Хорошо бы начать свою пьесу так. Ведущий произносит:
– Был ясный, теплый, солнечный…
Пауза.
– Предпоследний день…
И, наконец, отчетливо:
– Помпеи!
Атмосфера, как в приемной у дантиста.
Я болел три дня, и это прекрасно отразилось на моем здоровье.
Убийца пожелал остаться неизвестным.
– Как вас постричь?
– Молча.
«Можно ли носом стирать карандашные записи?»
Выпил накануне. Ощущение – как будто проглотил заячью шапку с ушами.
В советских газетах только опечатки правдивы.
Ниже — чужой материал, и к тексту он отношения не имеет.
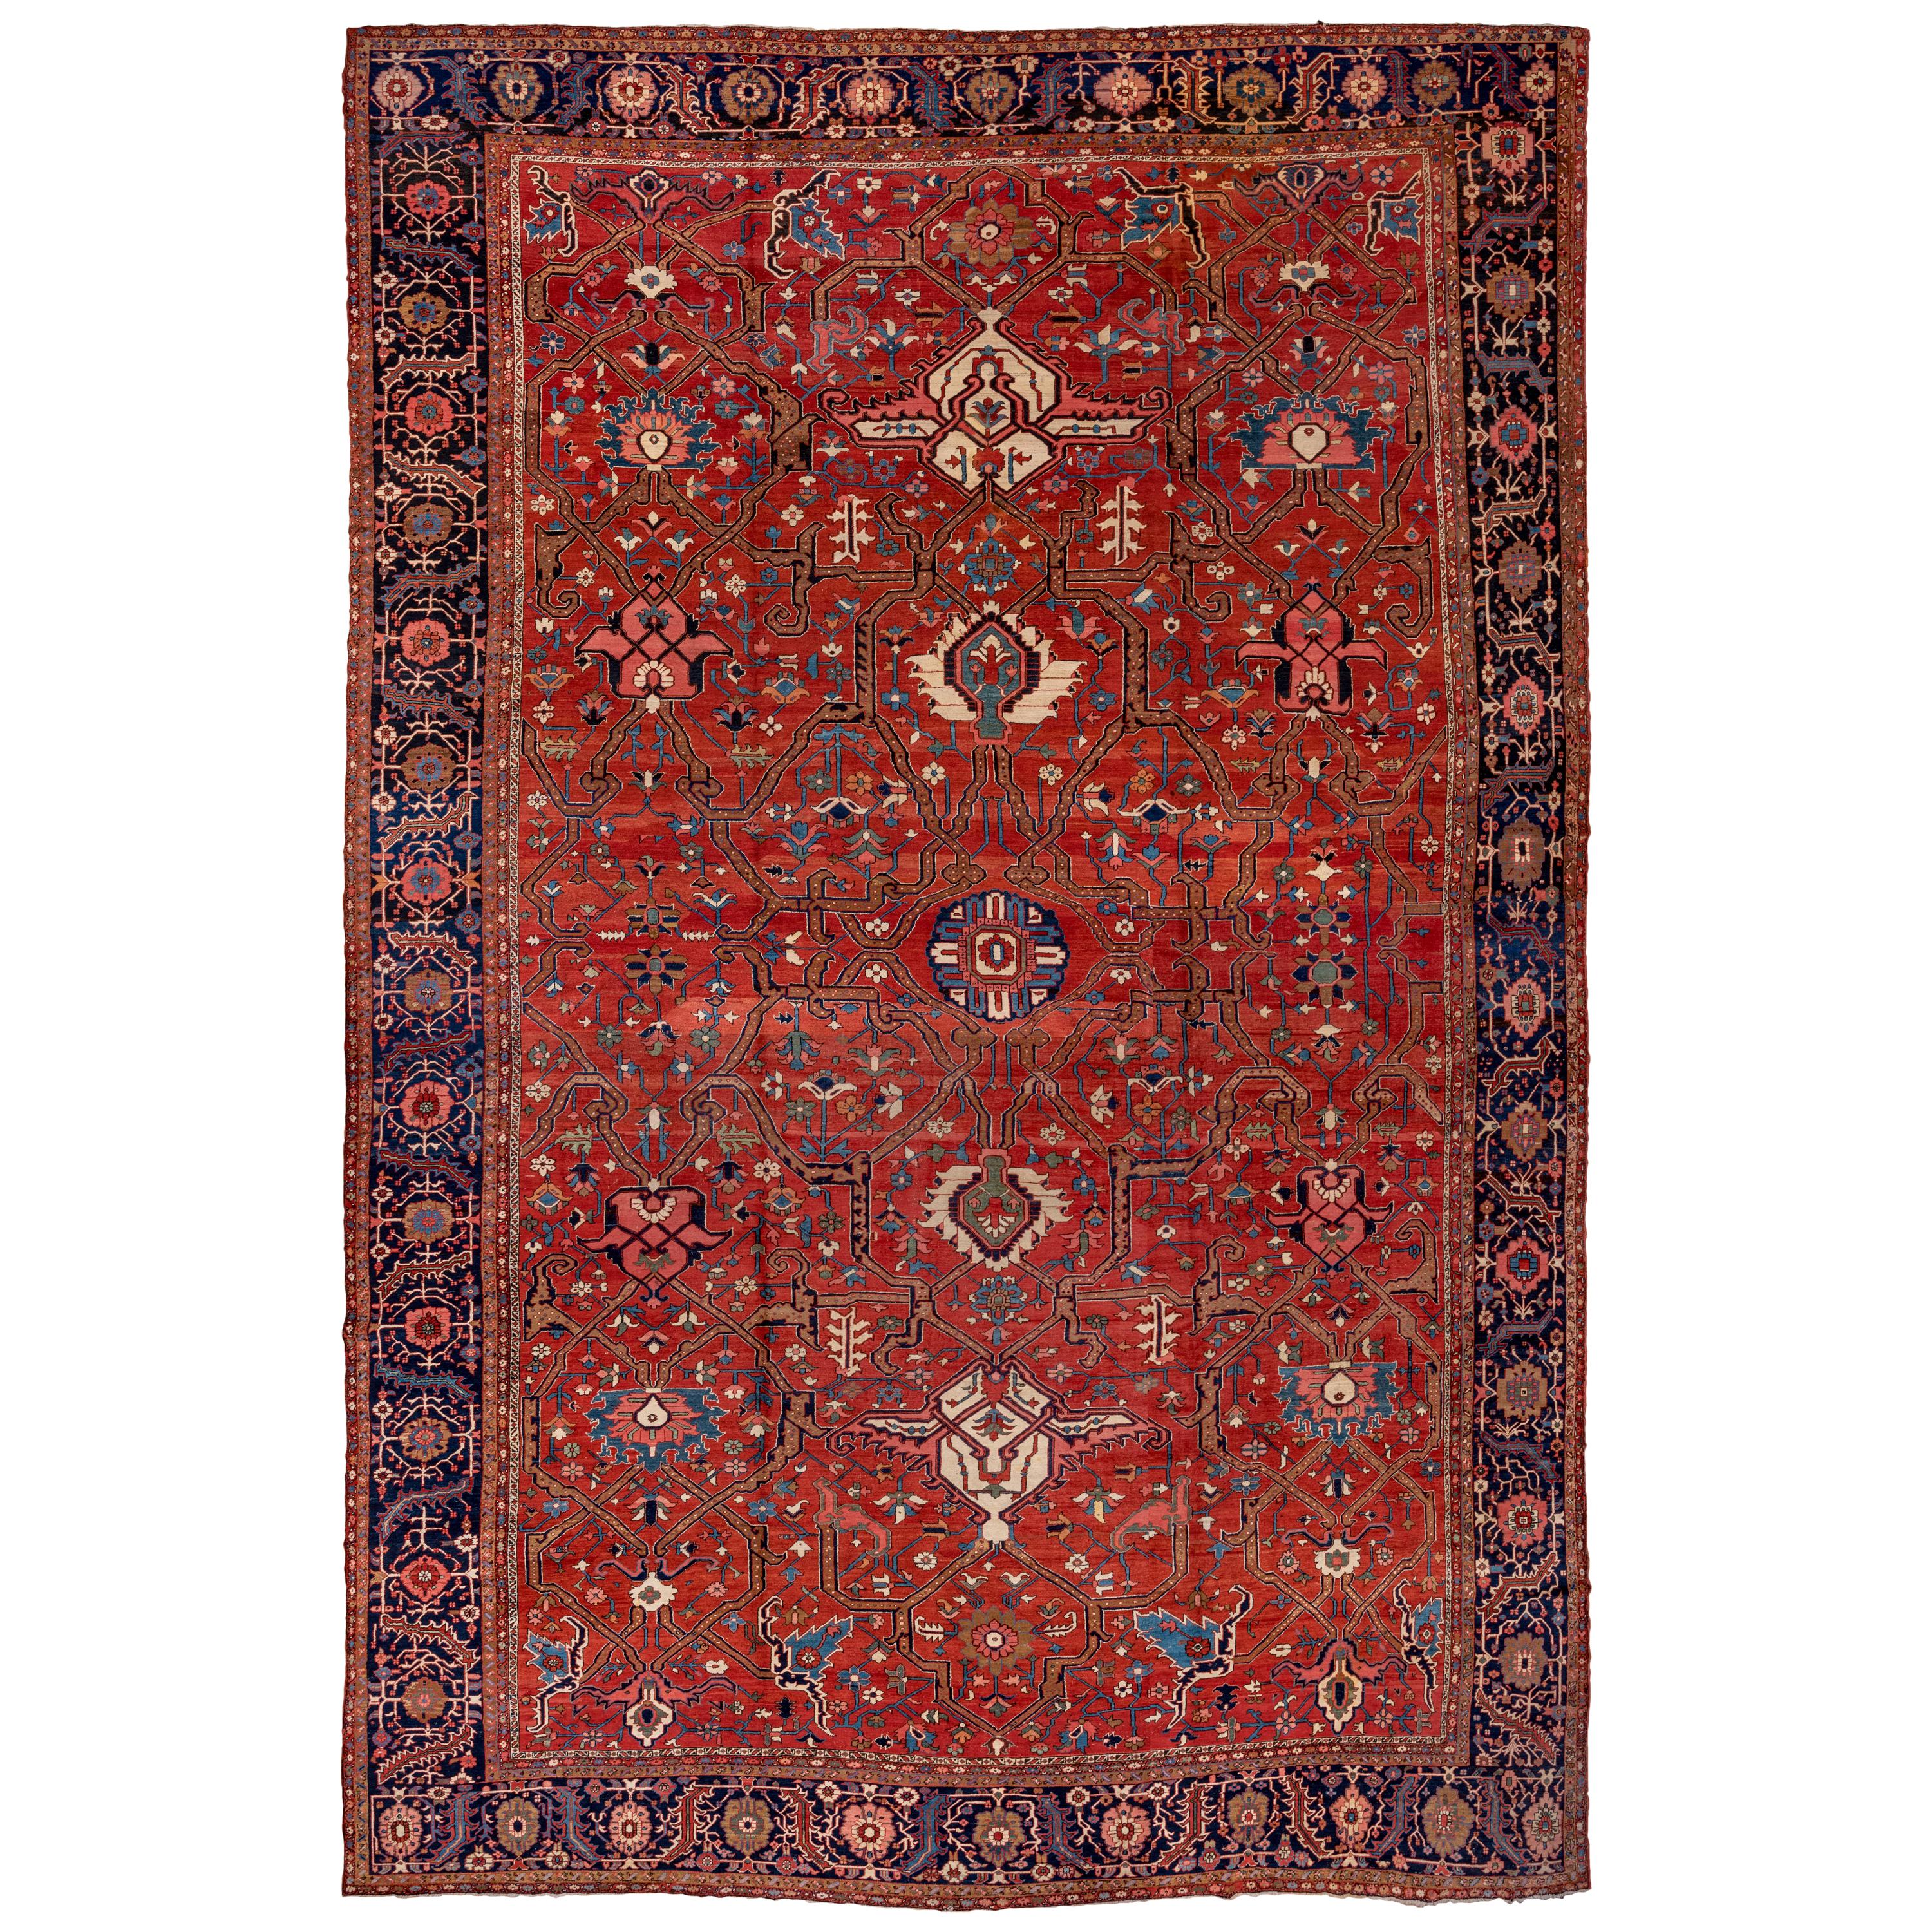 Oversized Antique Heriz Serapi Carpet, Excellent Condition
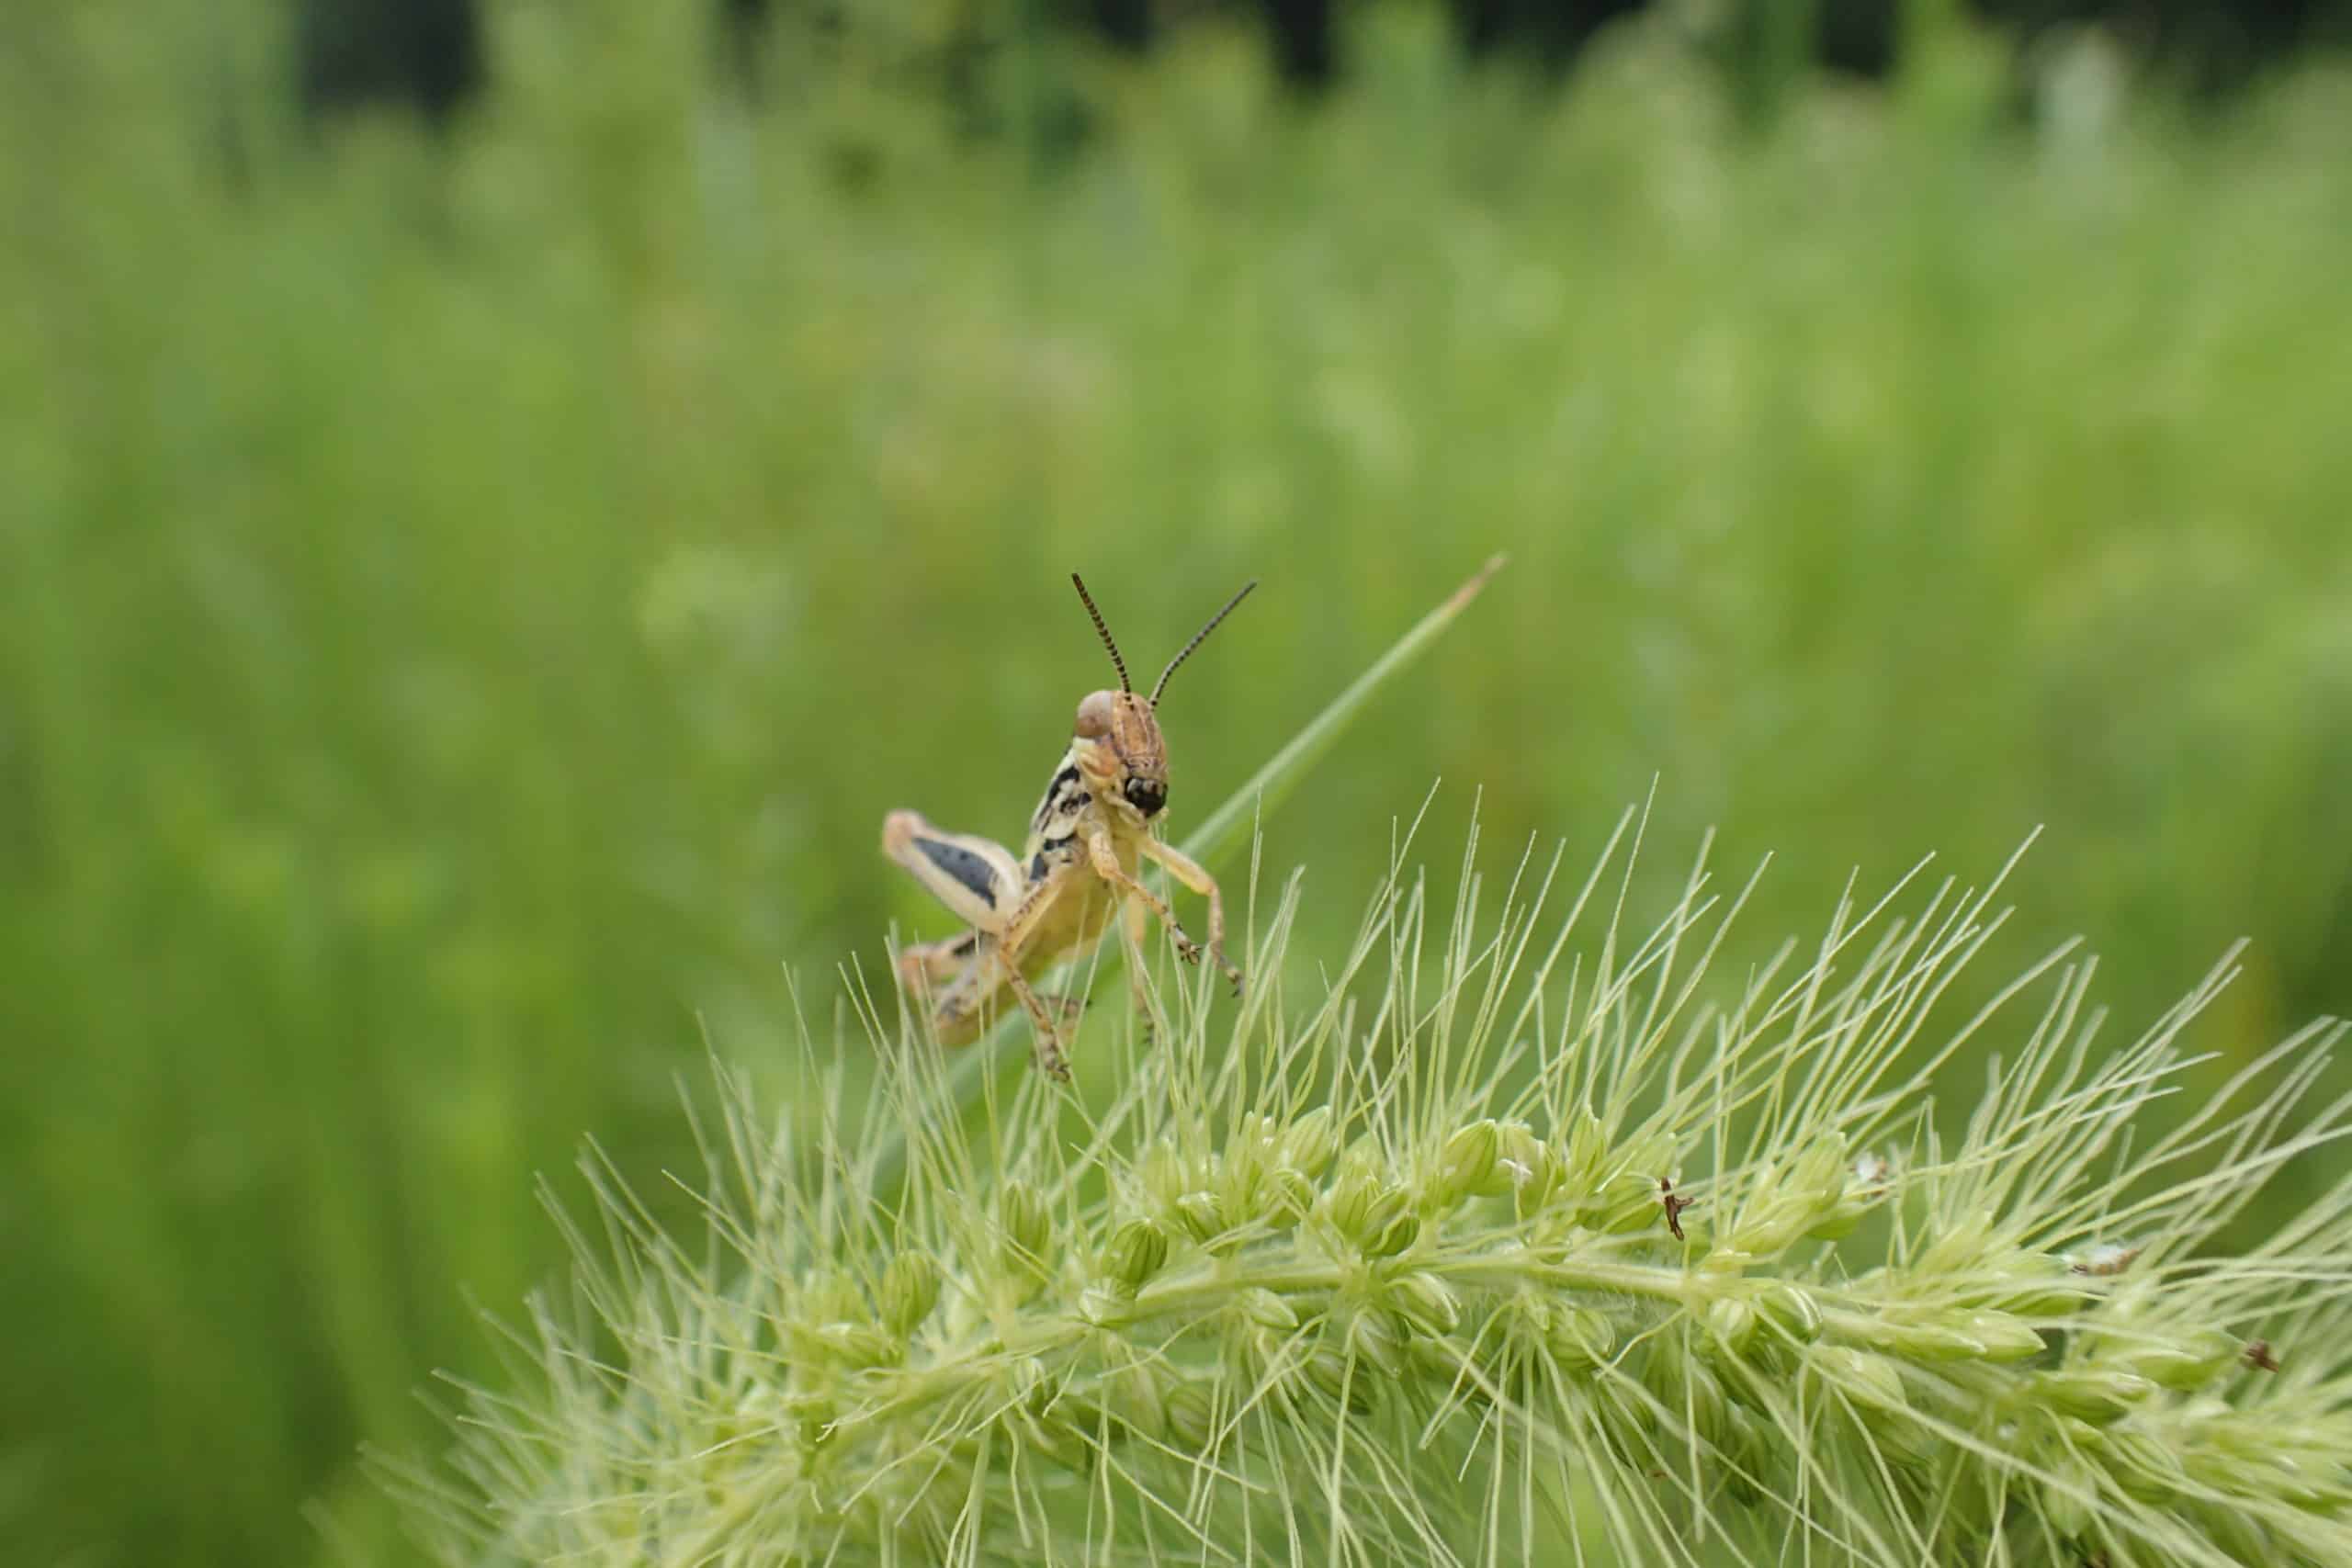 Stripy grasshopper on foxtail grass

«Гавнокомандующий». «Большевистская каторга» (вместо – «когорта»). «Коммунисты осуждают решения партии» (вместо – «обсуждают»). И так далее.
У Ахматовой когда-то вышел сборник. Миша Юпп повстречал ее и говорит:
– Недавно прочел вашу книгу.
Затем добавил:
– Многое понравилось.
Это «многое понравилось» Ахматова, говорят, вспоминала до смерти.
Моя жена говорила:
– Комплексы есть у всех. Ты не исключение. У тебя комплекс моей неполноценности.
Когда шахтер Стаханов отличился, его привезли в Москву. Наградили орденом. Решили показать ему Большой театр. Сопровождал его знаменитый режиссер Немирович-Данченко. В этот день шел балет «Пламя Парижа». Началось представление.
Через три минуты Стаханов задал вопрос Немировичу-Данченко:
– Батя, почему молчат?
Немирович-Данченко ответил:
– Это же балет.
– Ну и что?
– Это такой жанр искусства, где мысли выражаются средствами пластики.
Стаханов огорчился:
– Так и будут всю дорогу молчать?
– Да, – ответил режиссер.
– Стало быть, ни единого звука?
– Ни единого.
А надо вам сказать, что «Пламя Парижа» – балет уникальный. Там в одном месте поют. Если не ошибаюсь, «Марсельезу». И вот Стаханов в очередной раз спросил:
– Значит, ни слова?
Немирович-Данченко в очередной раз кивнул:
– Ни слова.
И тут артисты запели.
Стаханов усмехнулся, поглядел на режиссера и говорит:
– Значит, оба мы, батя, в театре первый раз?!
Как известно, Лаврентию Берии поставляли на дом миловидных старшеклассниц. Затем его шофер вручал очередной жертве букет цветов. И отвозил ее домой. Такова была установленная церемония. Вдруг одна из девиц проявила строптивость. Она стала вырываться, царапаться. Короче, устояла и не поддалась обаянию министра внутренних дел. Берия сказал ей:
– Можешь уходить.
Барышня спустилась вниз по лестнице. Шофер, не ожидая такого поворота событий, вручил ей заготовленный букет. Девица, чуть успокоившись, обратилась к стоящему на балконе министру:
– Ну вот, Лаврентий Павлович! Ваш шофер оказался любезнее вас. Он подарил мне букет цветов.
Берия усмехнулся и вяло произнес:
– Ты ошибаешься. Это не букет. Это – венок.
Хармс говорил:
– Телефон у меня простой – 32–08. Запоминается легко. Тридцать два зуба и восемь пальцев.
Плохие стихи все-таки лучше хорошей газетной заметки.
Дело было на лекции профессора Макогоненко. Саша Фомушкин увидел, что Макогоненко принимает таблетку. Он взглянул на профессора с жалостью и говорит:
– Георгий Пантелеймонович, а вдруг они не тают? Вдруг они так и лежат на дне желудка? Год, два, три, а кучка все растет, растет…
Профессору стало дурно.
Расположились мы с Фомушкиным на площади Искусств. Около бронзового Пушкина толпилась группа азиатов. Они были в халатах, тюбетейках. Что-то обсуждали, жестикулировали. Фомушкин взглянул и говорит:
– Приедут к себе на юг, знакомым будут хвастать: «Ильича видали!»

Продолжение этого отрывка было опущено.